The NRCC tapped Rep. Carol Miller (R-W.Va.) as its 2022 recruitment chair. First elected in 2018, Miller was the only woman in the GOP’s freshman class that year, compared with some three dozen new Democratic women — a disparity that motivated other Republican congresswomen and party strategists to redouble their efforts.

Two years later, Republican women dominated in swing districts, significantly outrunning Trump. Their numbers in Congress went from 13 to 31 in one cycle, momentum they are eager to maintain.

“People have realized how large a tent the Republican Party is,” Miller said in an interview. “And I think their eyes have been opened through the last couple years, and we've got dynamic people. There's no stereotype.”

In the 2020 cycle, Republicans were plagued by recruitment flops in key seats, including those held by Reps. Elissa Slotkin (D-Mich.), Antonio Delgado (D-N.Y.) and Lauren Underwood (D-Ill.). Even still, they came tantalizingly close to winning back the House. And party leaders are determined this year to put every seat in play.

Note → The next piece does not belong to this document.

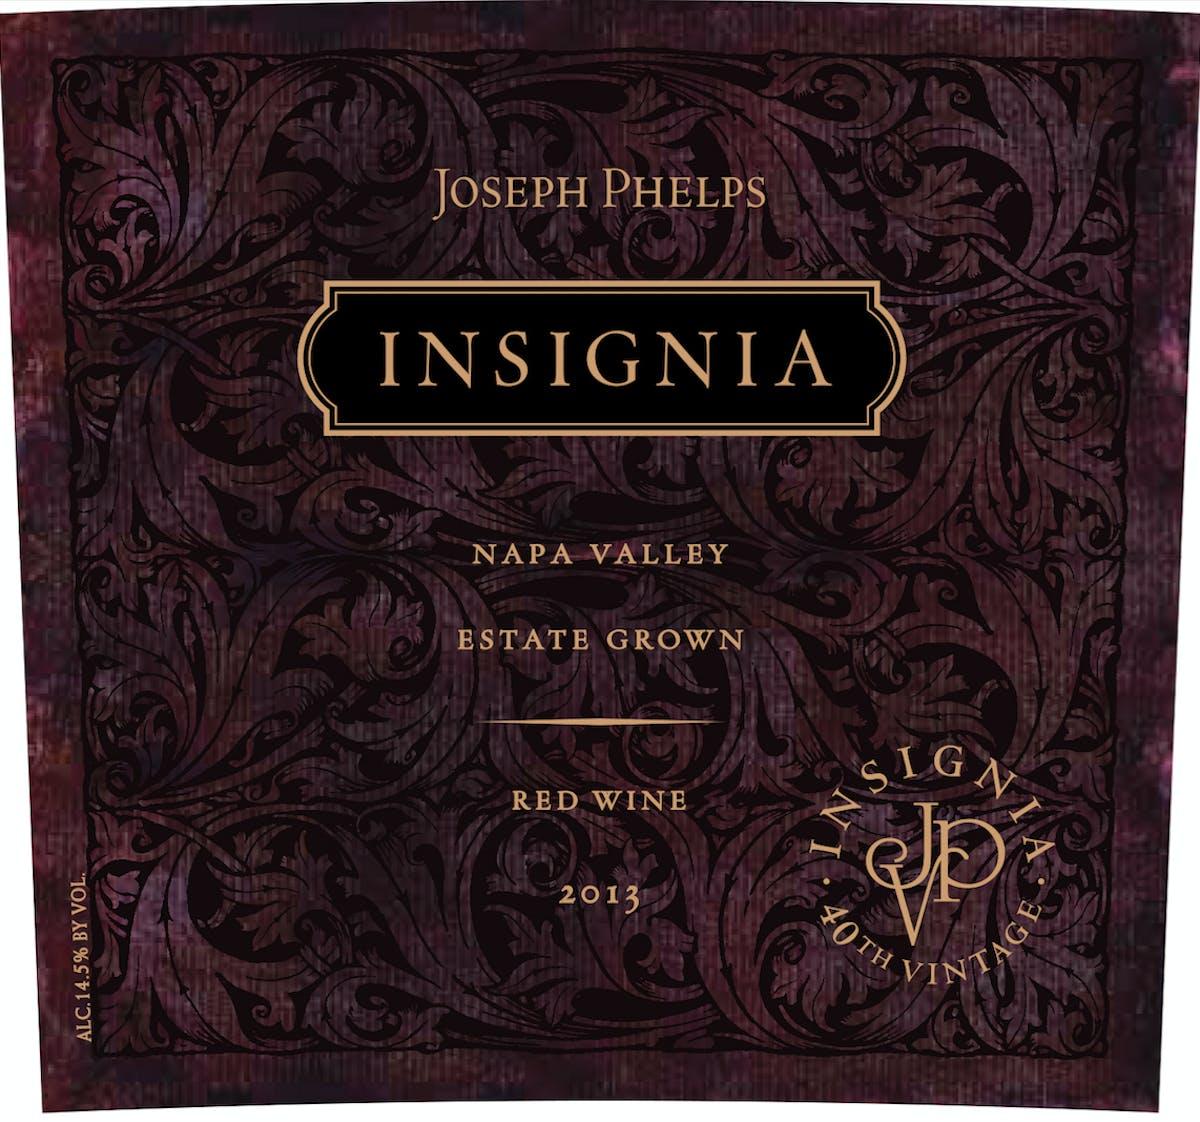 Joseph Phelps Insignia 2013 The Grape Tray

And while they're betting veteran candidates will help them create a wide battlefield, House Republicans don’t have that same infrastructure as Democrats, who launched VoteVets in 2006 to help anti-Iraq War candidates. (The group With Honor does support veterans from both parties.)

Republicans hope to change that this cycle. Bacon said he’s offered his services to help find strong military candidates and says the party realizes their value.

“I do find most veterans, whether they get elected Republican or Democrat, have a higher propensity to work across the aisle,” he said. “What we have in Congress right now is a dysfunction. You got people who demand 100 percent. They're not even willing to take 90 percent.”